Burton washed and shaved at the basin. A warm vitality soaked into his flesh as the tincture took effect-honey and sunlight oozing through his arteries. Nevertheless, he was still feeling weak and decided to spend the rest of this Tuesday wrapped in his jubbah, dedicating himself to driving out the last vestiges of malaria with strong tobacco and perhaps a brandy or two.

After finishing his toilet and winding the brass man's key, he repaired to the study, lit a Manila, and began to leaf through the morning newspapers. A great many of their pages were devoted to the Tichborne case, and he quickly realised that he was still lacking sufficient background information about the affair. It was time, he decided, to start earning his salary.

A little later, when Mrs. Angell brought him a coffee, he asked her to take a note: To Mr. Henry Arundell, My dear sir, though, to my deep regret, relations continue to be strained between us, I hope I can go some way to repairing them by doing you a service with regard to the Tichborne situation. The prime minister has commissioned me to look into the matter, and I would greatly appreciate the advice of one who has greater knowledge of the family than I. To that end, may I extend to you an invitation to dine with me at the Venetia Royal Hotel at seven o'clock this evening?

Ever yours sincerely,

Rich'd F. Burton

“Send that by runner, please. Mr.

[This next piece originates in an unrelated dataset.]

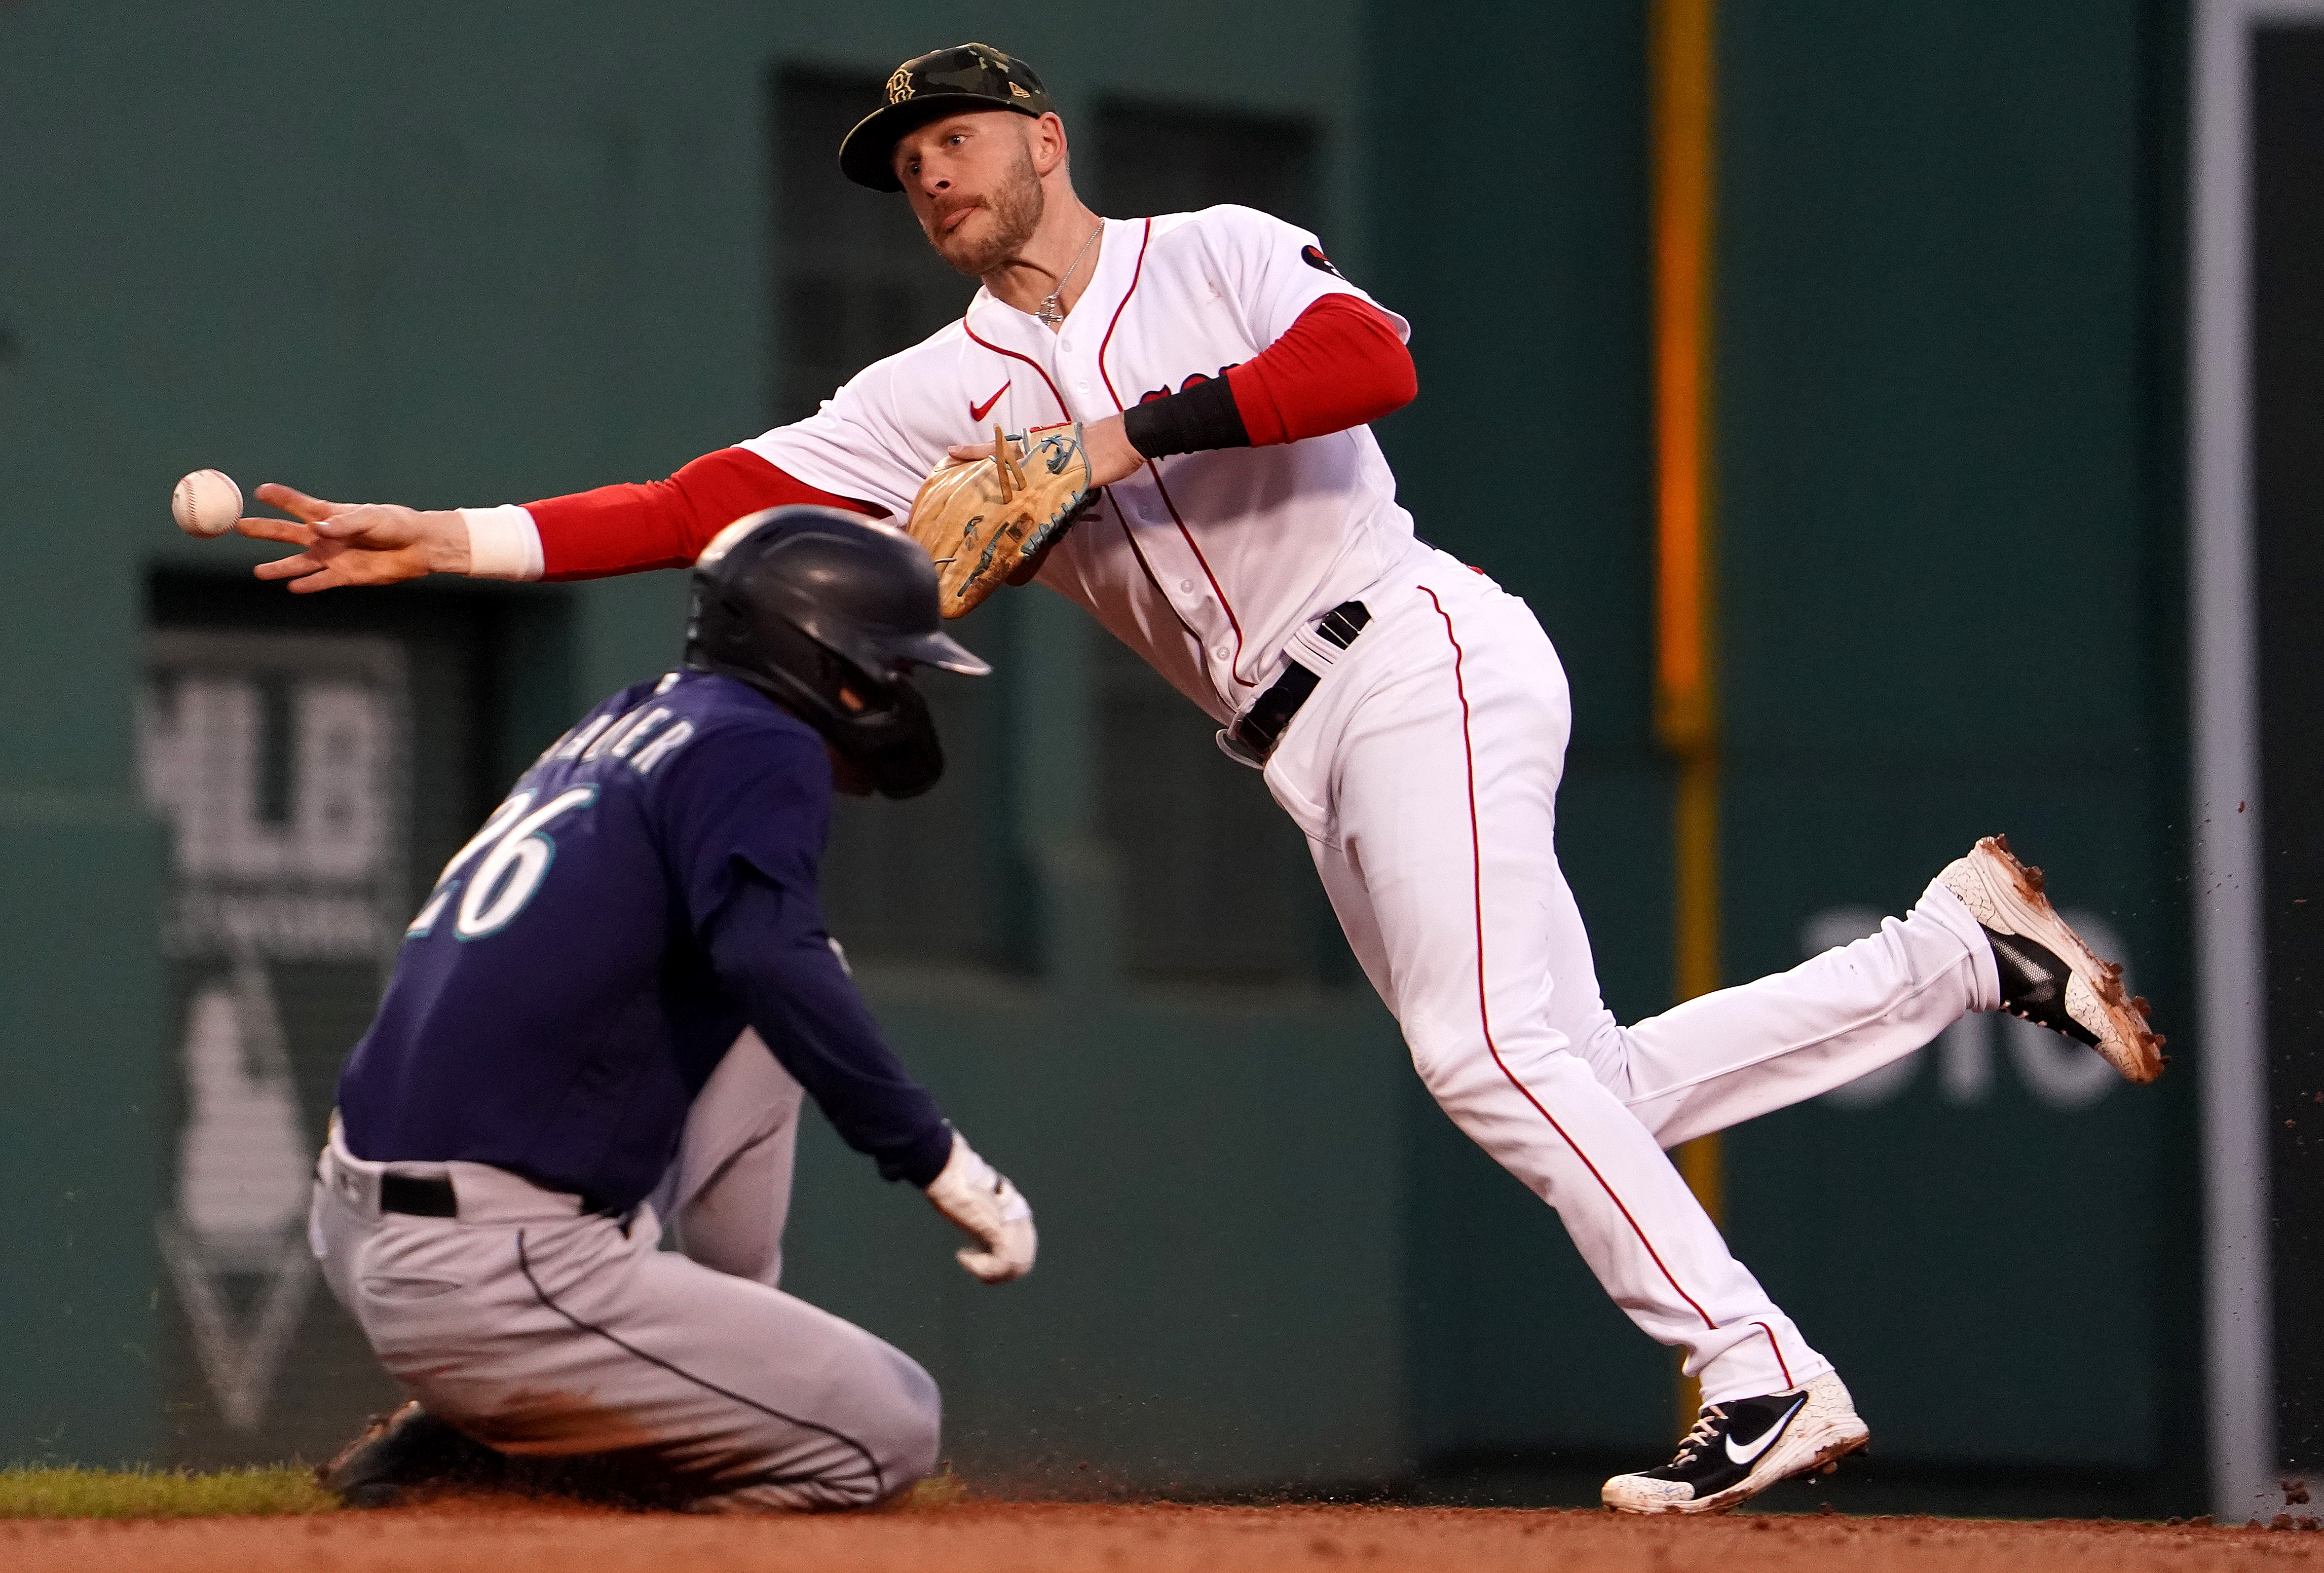 Red Sox infielder Trevor Story underwent elbow surgery, out indefinitely

Arundell is currently residing at the family's town house, 32 Oxford Square.”

“A nice area for those that can afford it,” the old lady opined. “If you don't mind me asking, has there been any word from Miss Isabel?”

“The last I heard, her parents had received two letters. It seems my former fiancee is running around with the notorious Jane Digby, the bandit queen of Damascus. I believe they've gathered quite a force of brigands and are currently raiding caravans on the Arabian Peninsula.”

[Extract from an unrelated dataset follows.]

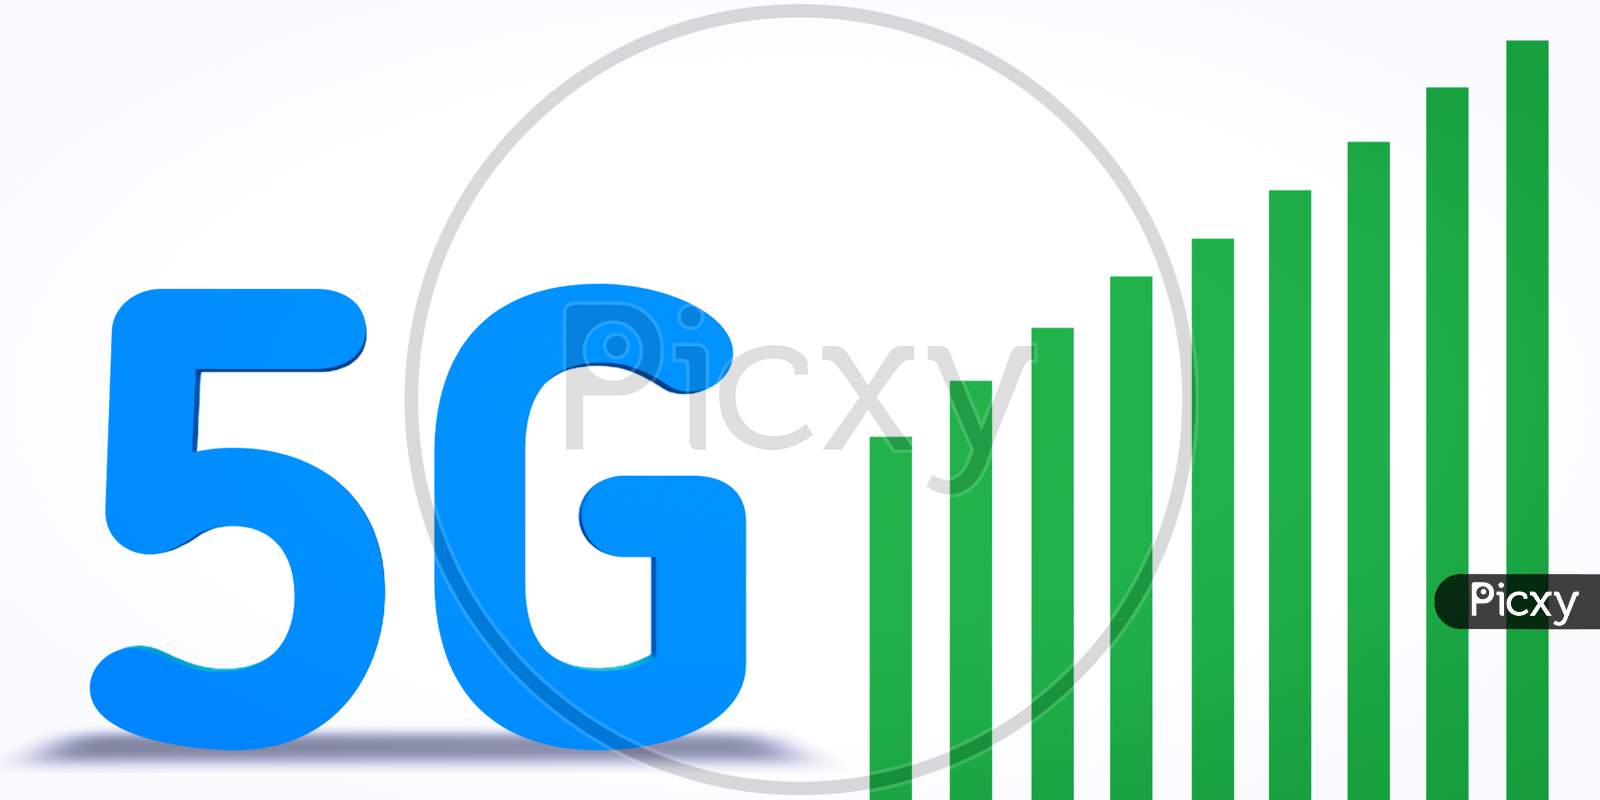 3D Rendering Blue 5G Text With Green Arrow

“My stars!” Mrs. Angel exclaimed. “Who'd have thought?”

“The Arundells still consider that my breaking the engagement caused her to run off to Arabia in the first place. I expect to receive a frosty response from her father.”

His housekeeper left the room, went downstairs, lifted a whistle from a hook, opened the front door, and blew three quick blasts. Moments later, a runner arrived on the doorstep. It jogged, turned in circles, and whined restlessly until she produced a tin from beneath a hall table. She took a chunk of roast beef from it and fed it to the ravenous hound. Then she placed the waxed envelope between its teeth and stated the delivery address. The dog turned and sped away.

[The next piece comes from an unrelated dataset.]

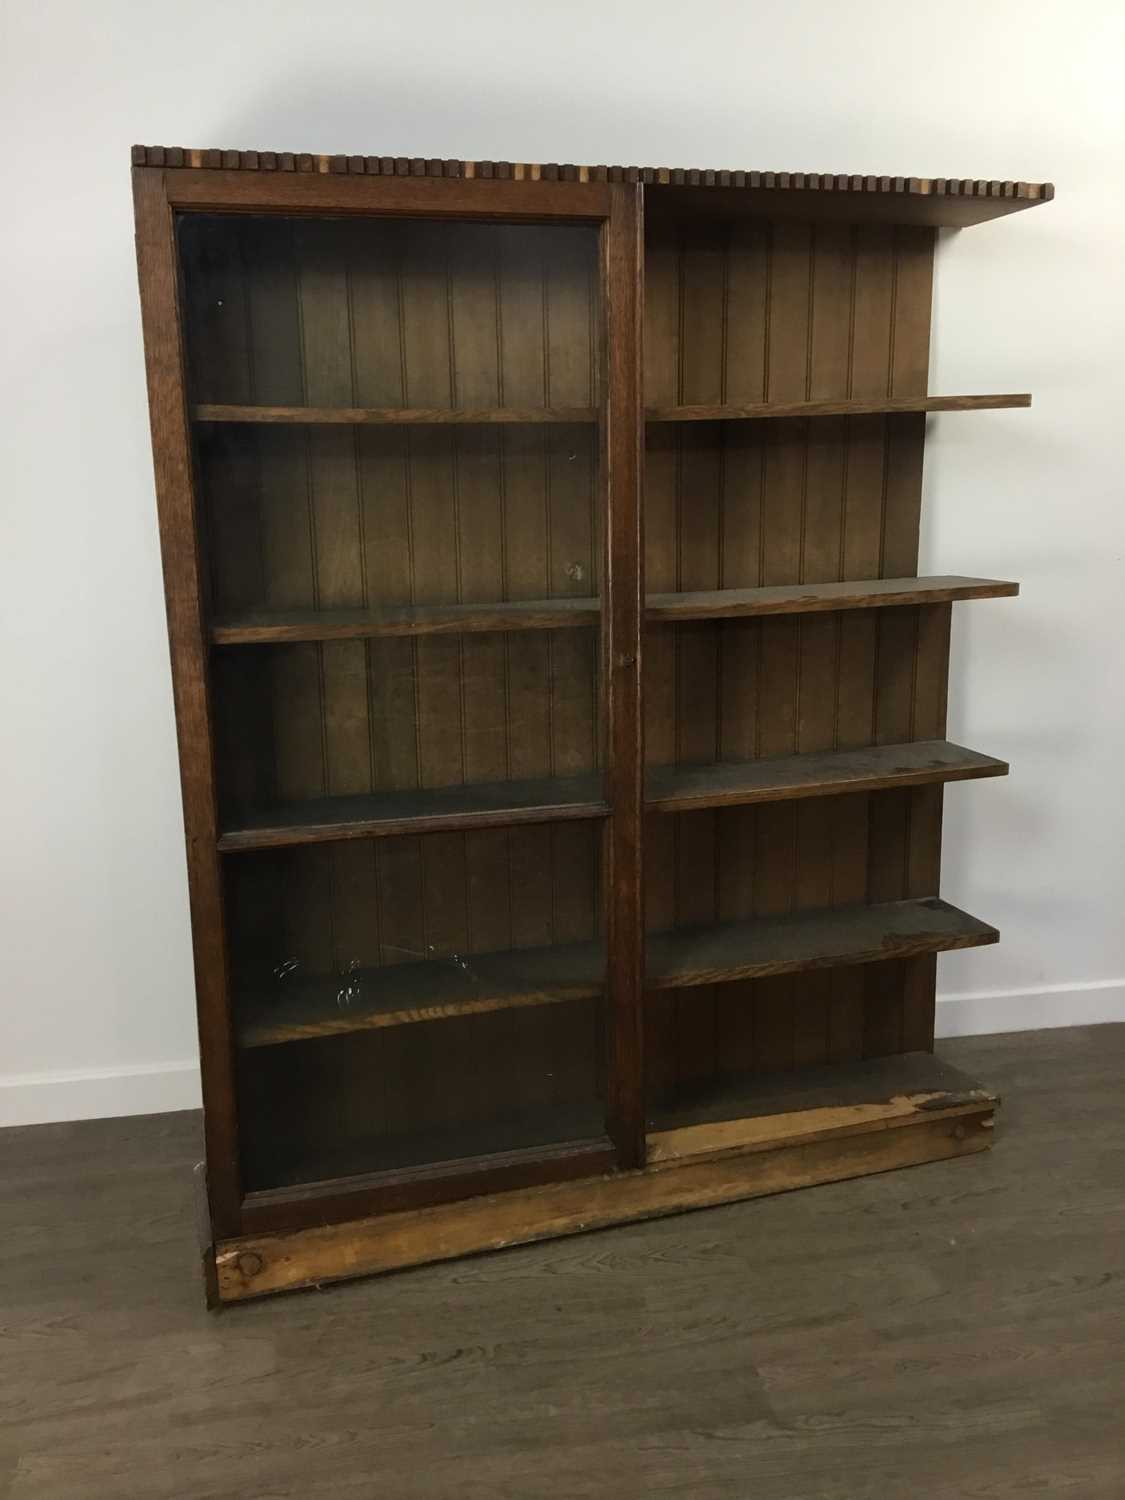 VICTORIAN OAK LIBRARY BOOKCASE - Image 3 of 6

In his study, Burton had settled at his main desk and was writing in his journal, copying out the notes he'd taken at the British Library and adding copious annotations and cross references. An hour later, he moved to a different desk and began work on a tale from The Book of the Thousand Nights and a Night. He employed a unique device for this: a mechanical contraption invented by Mrs. Angell's late husband. It was the only one of its kind, an “autoscribe,” which Burton played rather like a piano. Each of its keys corresponded to a letter of the alphabet or an item of punctuation and printed it onto a sheet of paper when pressed. It had taken the king's agent two weeks to master the machine but, having done so, he was now able to write at a phenomenal speed.

At four o'clock, a runner brought a reply from Henry Arundell: Sir Richard, The Venetia is booked solid by a large private party. I have reserved a table for us at the Athenaeum Club instead. I will see you there at seven.

H. Arundell

“To the point but satisfactory,” Burton muttered.

He abandoned the desk, flopped into his armchair, and contemplated the case at hand.

Burton met his former prospective father-in-law at the appointed time and place. As they shook hands, the elder man exclaimed: “You look positively skeletal!”

“A bout of malaria,” Burton explained.

“Still bothering you, eh?”

“Yes, though the attacks come less frequently. Have you heard from Isabel?”